“Bye. Talk soon. I love you. “I hang up the phone. I just fleshed out the Christmas plans with my sister. She is the closest family we have near and will be spending dinner at her house. We are keeping plans and times loose. I will call her after my kids open their gifts. No pressure of schedules. We can spend the morning in our pajamas! This is new to us. We spent year after year rushing to get out of the house to visit family in the next city. Spend all day there and have to travel back in the same day. It made for an exhausting time. I can’t stop smiling at the new plan.
Also, what makes us giddy for this Christmas is last year we didn’t know if my sister would make it to this one. She spent last year in the hospital healing from her second cancer surgery. As a family, we spent Christmas lunch in the hospital cafeteria. Even though the kids had fun, it was the bleakest, darkest Christmas ever.
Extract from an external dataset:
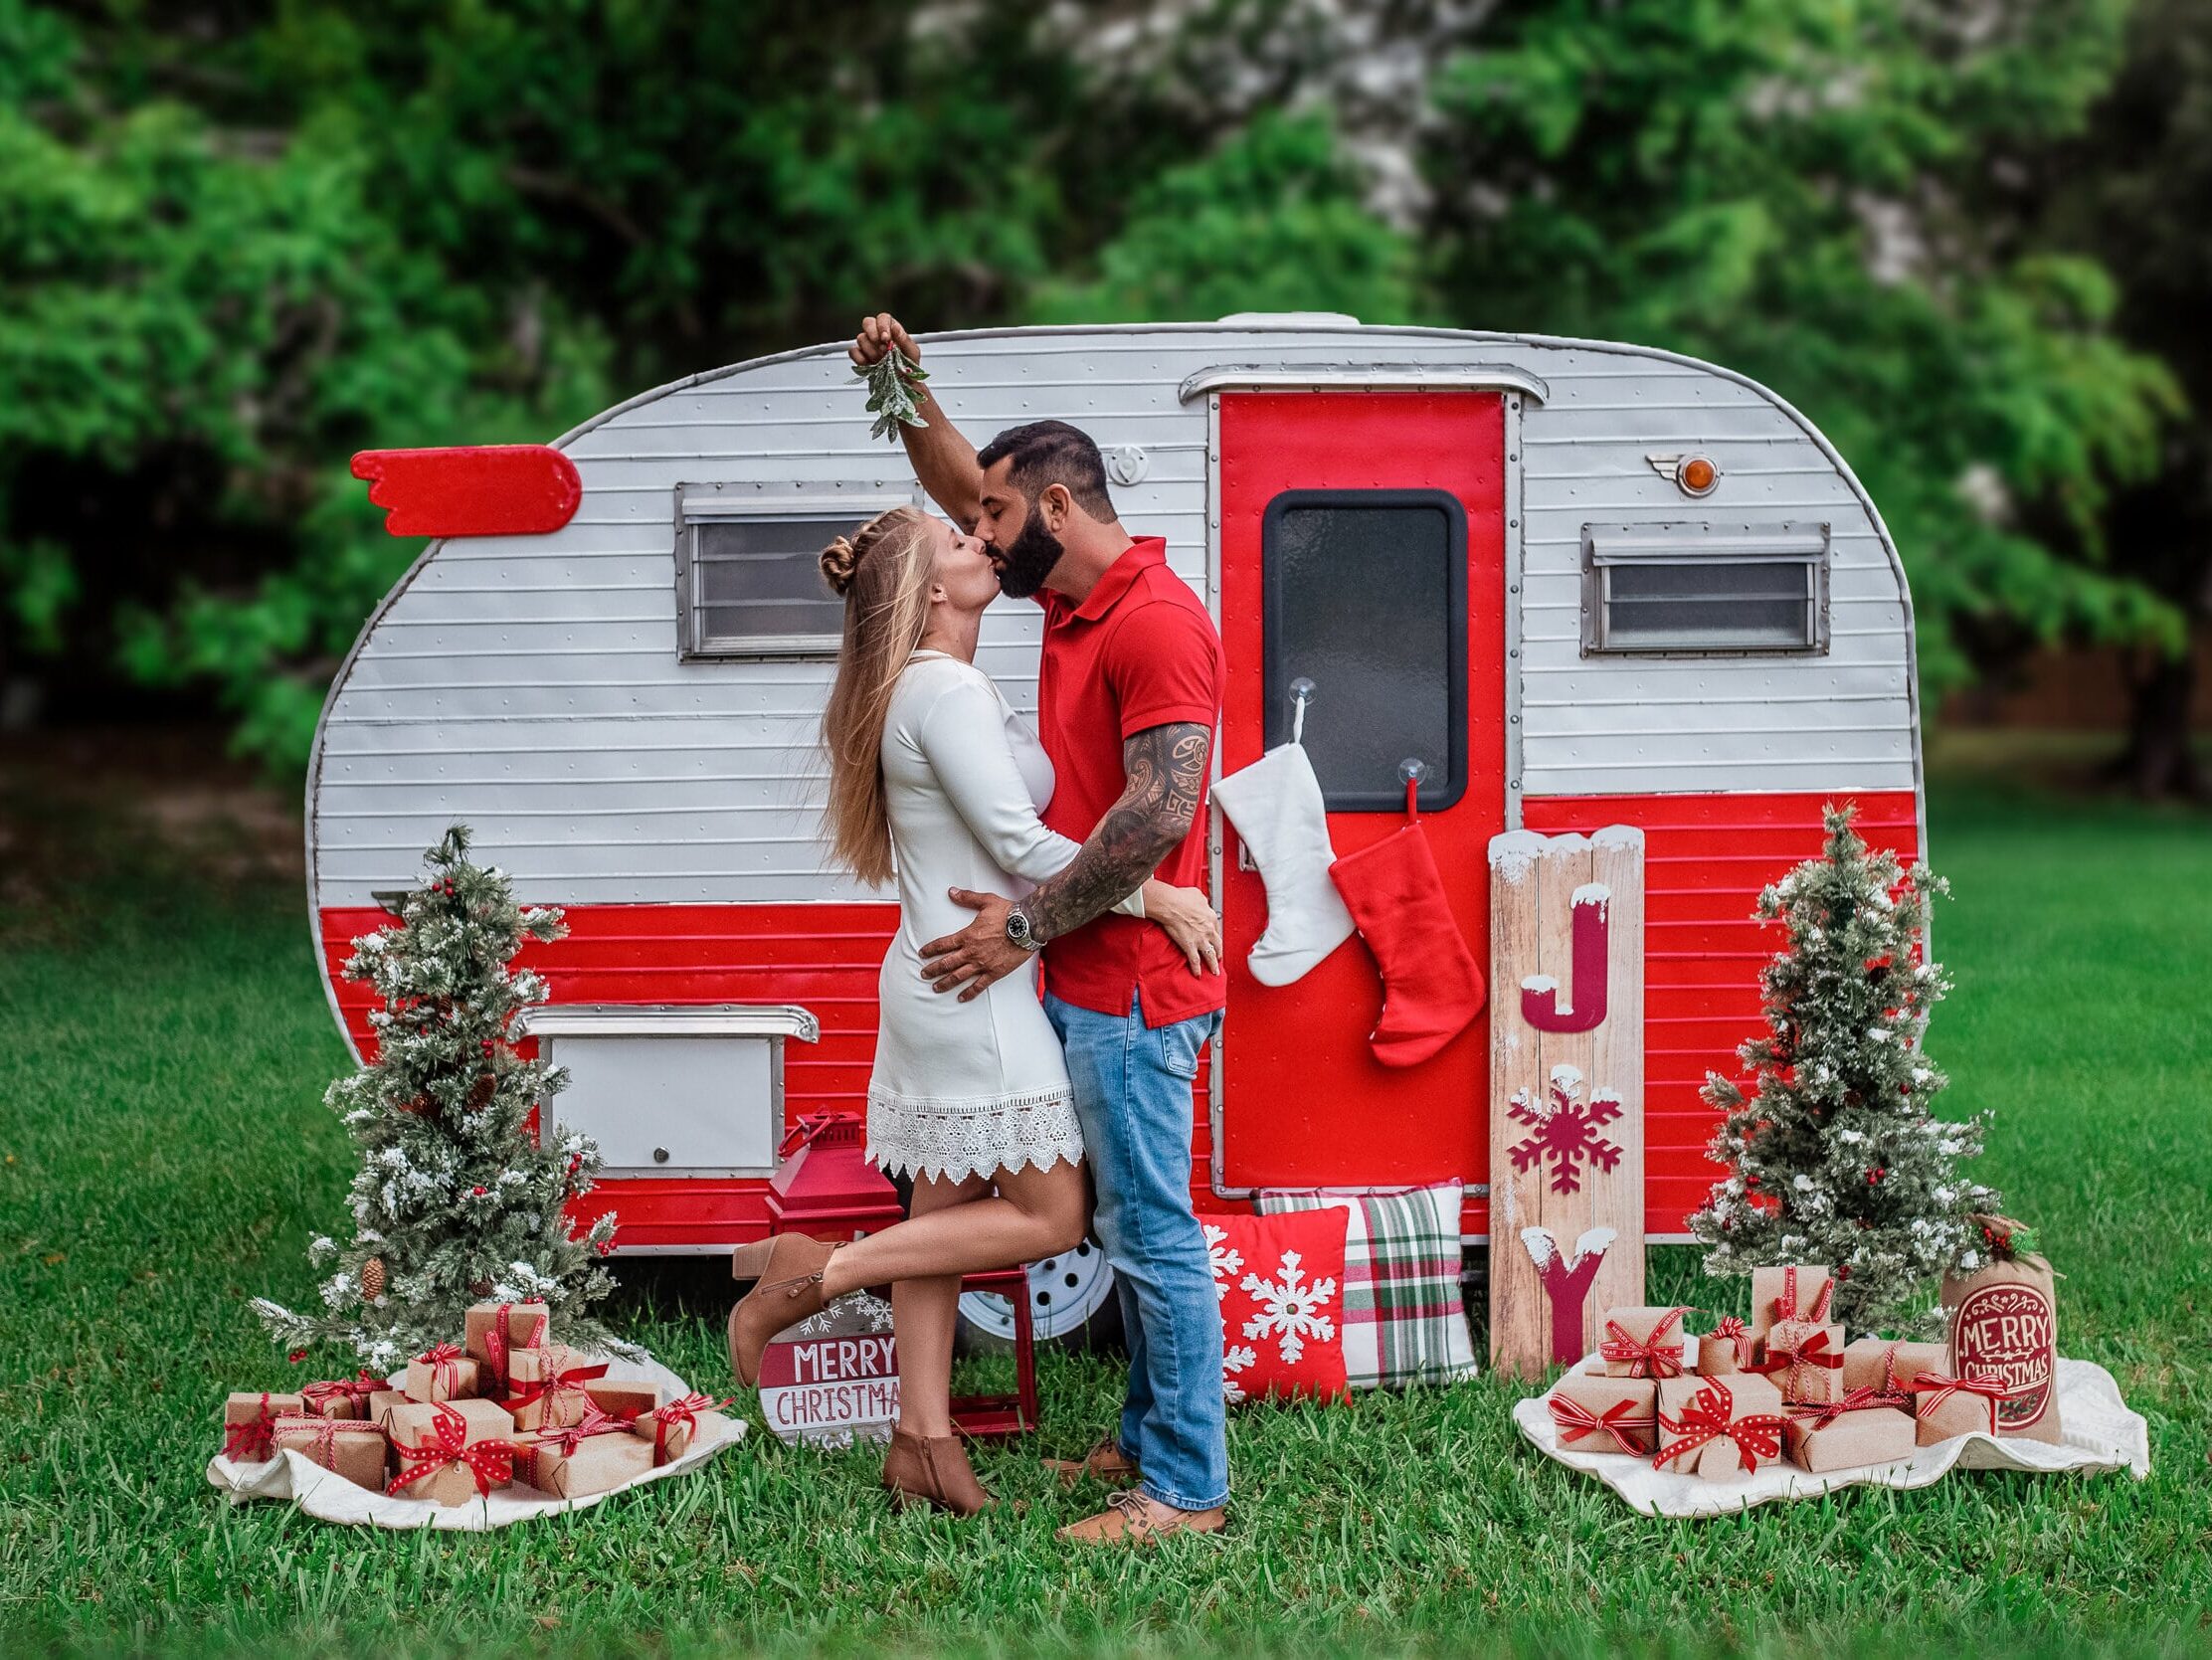 Family Christmas card ideas that show a mini camper and mistletoe | The Dating Divas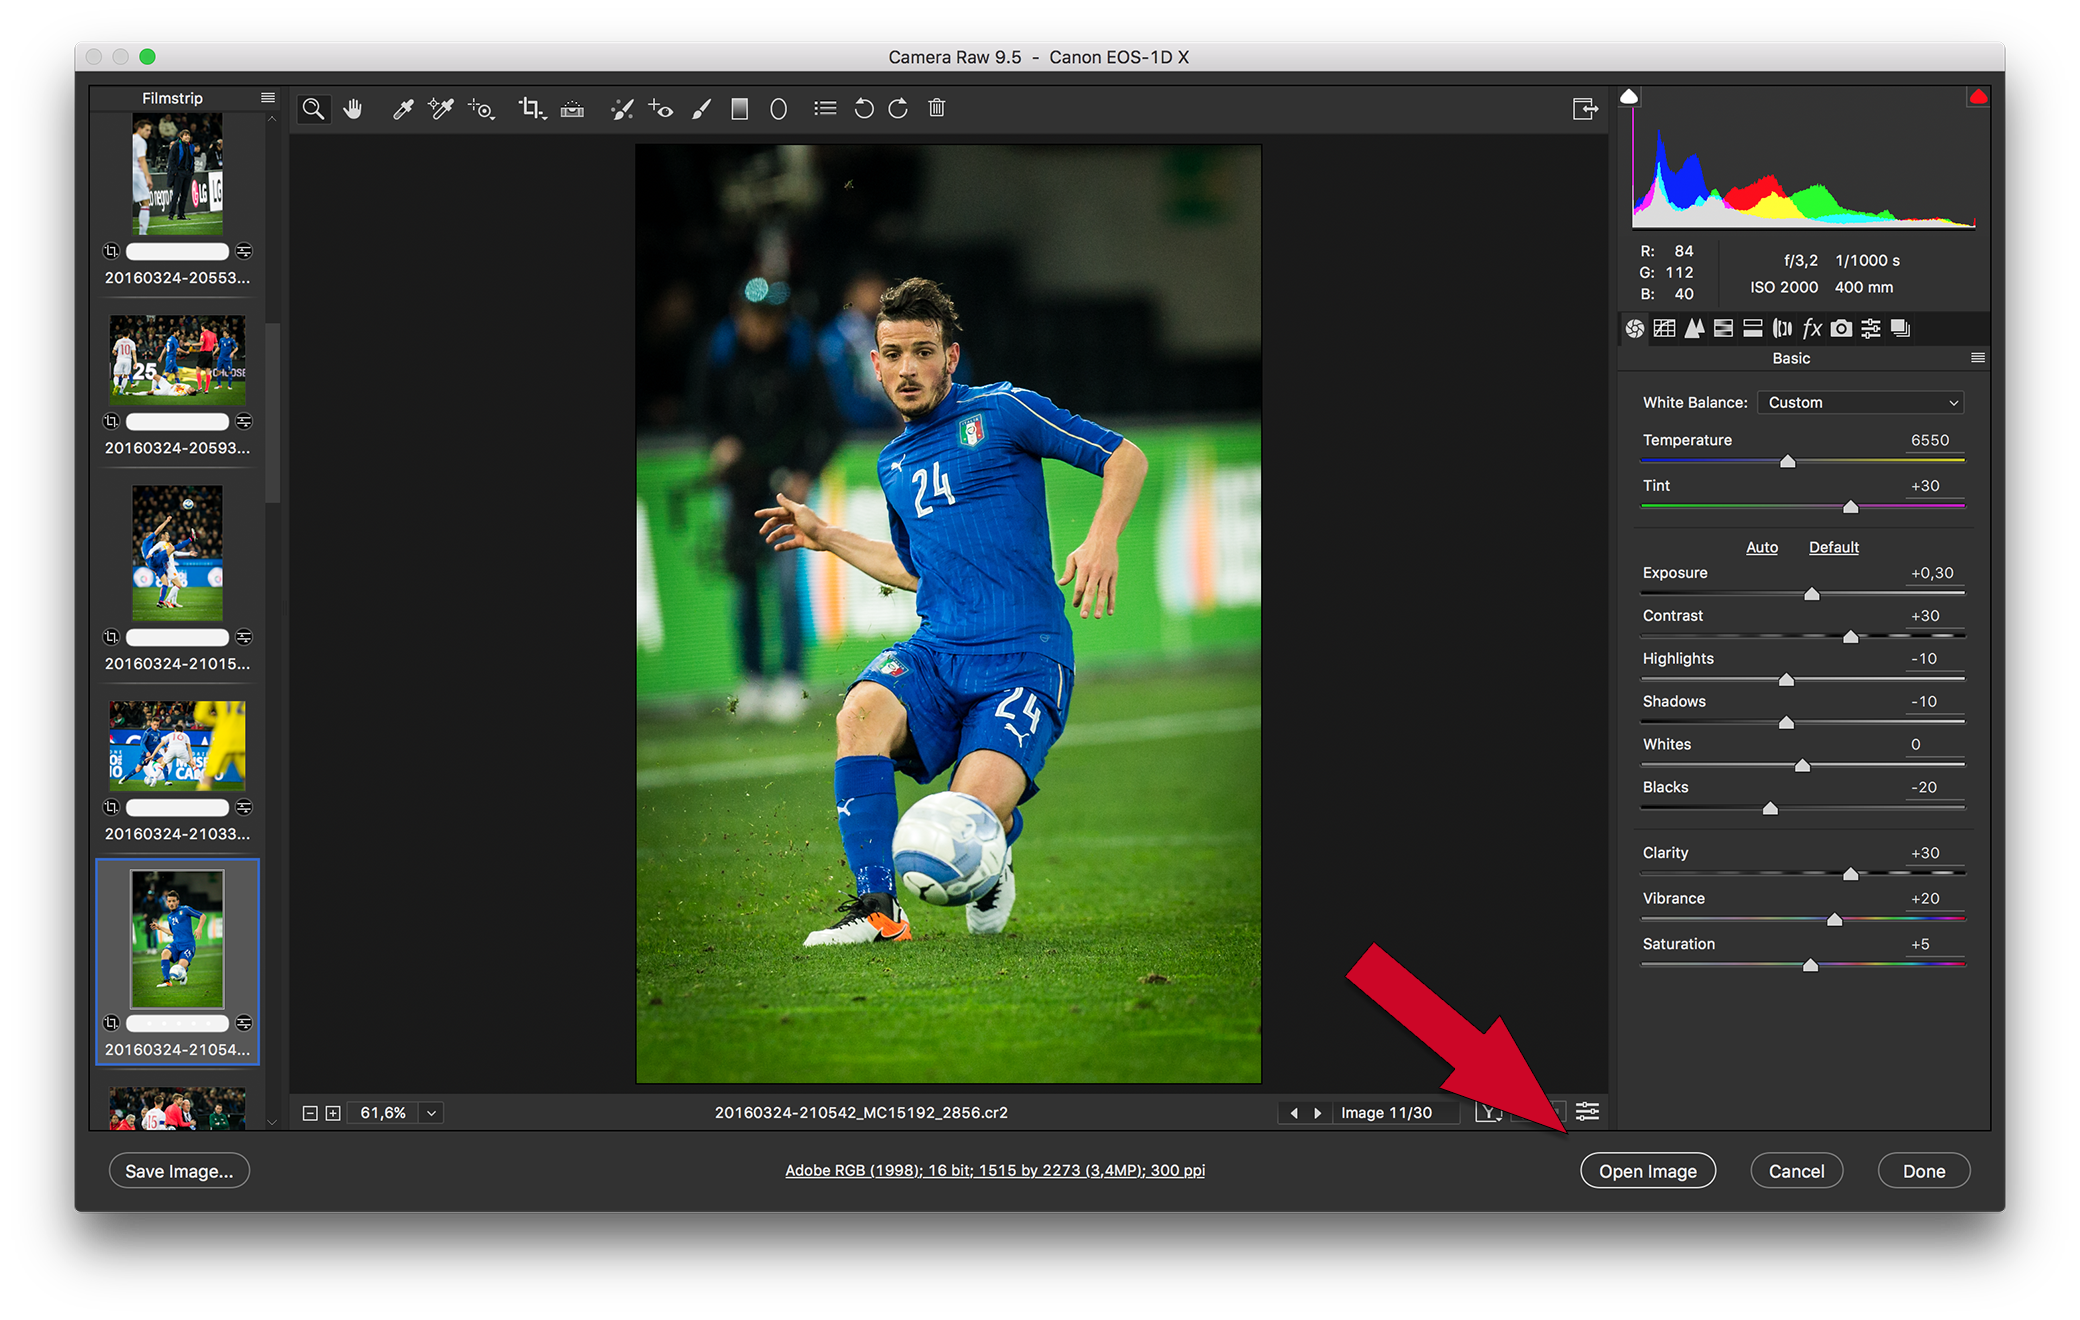 Open Image button in the Adobe Camera RAW application

I once dreaded this Christmas for another reason. I turned 38 two months ago. It’s the age my mother died. Rationally I know that I might not have the same fate as her. The fear is still emblazed on my heart. Once my sister was in the clear for the second time, it was my wake-up call. Life is too short. It takes more energy to be negative than happy.
I owe it to my children to make their tinsel memories filled with delights, not darkness. My mom gave me that gift. I only knew what she really went through when I was older. My daughters are very perceptive to how I feel. That motivates me to be a better mom by being happy with the now.
I will work on giving my mother’s only grandchildren the same happy and positive mom she gave me. It feels so freeing to not only survive being motherless, but thriving by rewriting my story. I confirm the details with my husband. He, too, looks forward to not rushing on Christmas Day and celebrating our small and happy family.
Our daughters come running in and we make a family hug. I love how this Christmas will be the best one because we will be together, in happiness.